Converts sequences of event names to strings - generalized

Description

EveString converts event names in a data frame to a string vector.

In the data frame, each row, which can have different number of event names, is converted to a string based on the conversion key. As a result, in the vector, converted strings may have different lengths.

Usage

EveString(eveName.file, eveName.vec, char.vec)
EveString(eveName.file, eveName.vec, char.vec)

Arguments

`eveName.file`	File that stores event names to be converted.
`eveName.vec`	Vector of event names in a conversion key.
`char.vec`	Characters vector in a conversion key.

Details

In general, it is not convenient to deal with data frames where different rows have different numbers of elements. Thus, it is easier to use a text file than to use a data frame when storing different numbers of event names in rows. As a result, this function utilizes a .txt or .csv file (for eveName.file) and handles such task to save users' effort.

Value

The function returns a vector containing converted strings that generally have different lengths.

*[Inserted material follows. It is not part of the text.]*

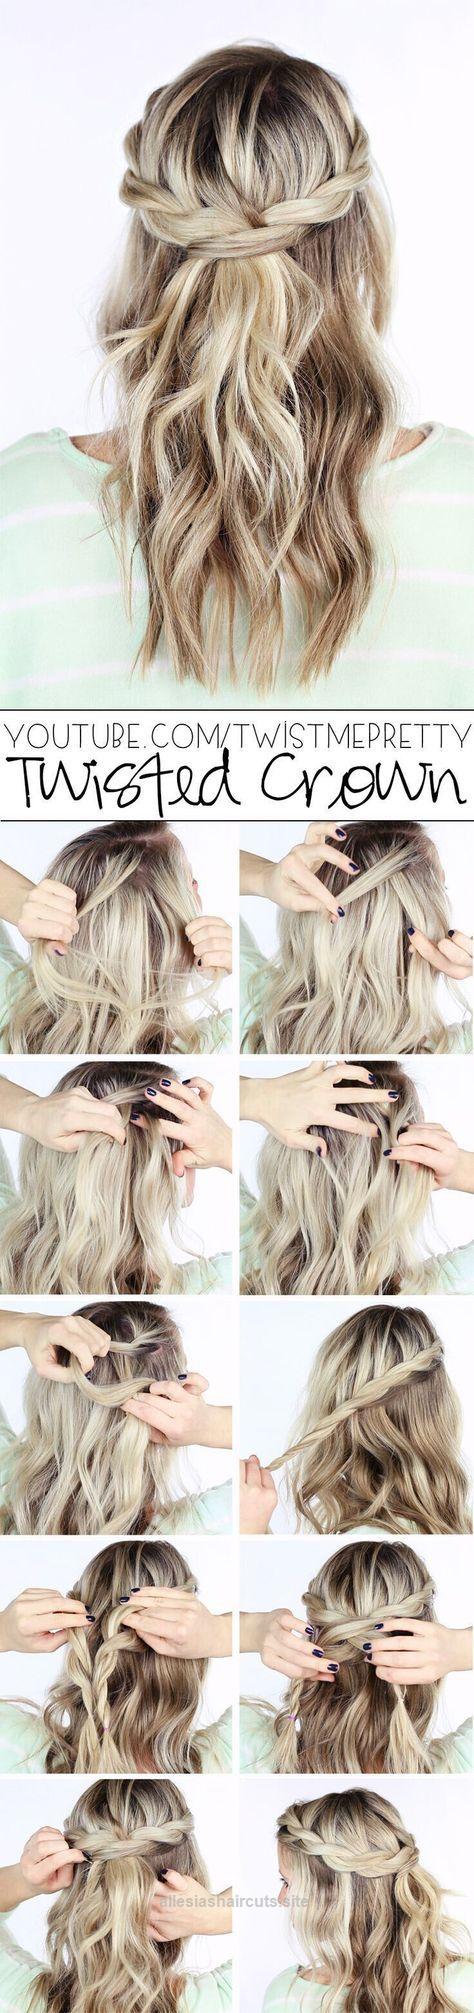 DIY Wedding Hairstyle  Twisted crown braid half up half down

If not all event names are converted to characters, a warning message will be printed out.

Note

eveName.file is the name of a file. Thus quote signs are needed when a file name (and its directory) is directly used in the function.

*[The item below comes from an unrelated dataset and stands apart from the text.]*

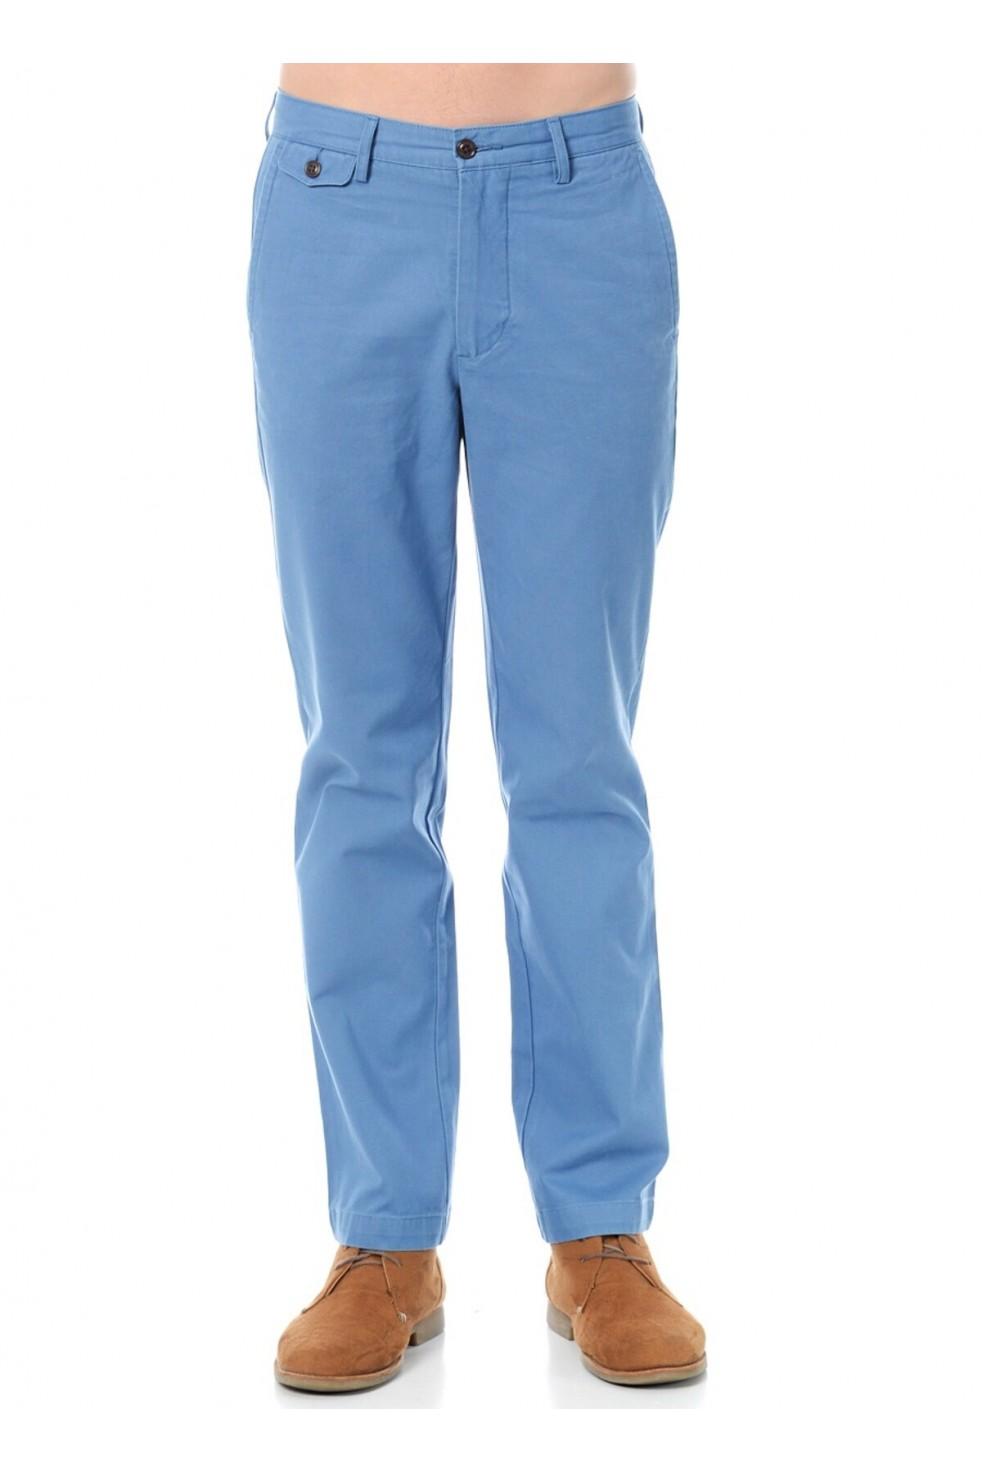 Dockers-Erkek-Pantolon-D1-Slim-Fit-47576-0005

If the example is used, the eveName.file will be eve1d.txt, which is located in your R library. The users may copy eve1d.txt to a directory that can be easily found.

Examples

data(eventChar.df)
event1d <- paste(path.package("GrpString"), "/extdata/eve1d.txt", sep = "")
EveString(event1d, eventChar.df$event, eventChar.df$char)
data(eventChar.df)
event1d <- paste(path.package("GrpString"), "/extdata/eve1d.txt", sep = "")
EveString(event1d, eventChar.df$event, eventChar.df$char)

Discovers featured patterns in two groups of strings

Description

FeaturedPatt discovers featured patterns that are in one group of strings.

Usage

FeaturedPatt(grp1_pattern, grp2_pattern, grp1_string, grp2_string)
FeaturedPatt(grp1_pattern, grp2_pattern, grp1_string, grp2_string)

Arguments

`grp1_pattern`	Patterns shared by a certain percent of strings in string group 1.
`grp2_pattern`	Patterns shared by a certain percent of strings in string group 2.
`grp1_string`	String group 1.
`grp2_string`	String group 2.

Details

A (common) pattern is defined as a substring with the minimum length of three that occurs at least twice among a group of strings.

In practice, a pattern usually is not shared by all the strings in a group. Thus, featured patterns may be obtained from two pattern vectors, each of which contains patterns that are shared by a certain percent of strings in a group. As a result, featured patterns can possibly appear in both groups of strings, athough ideally, a featured pattern should only appears in one of the two groups of strings.

Value

The function exports five text files:

File that lists featured patterns: column 1 for string group 1; column 2 for string group 2.

Four files that contain information about each group of patterns in each group of strings.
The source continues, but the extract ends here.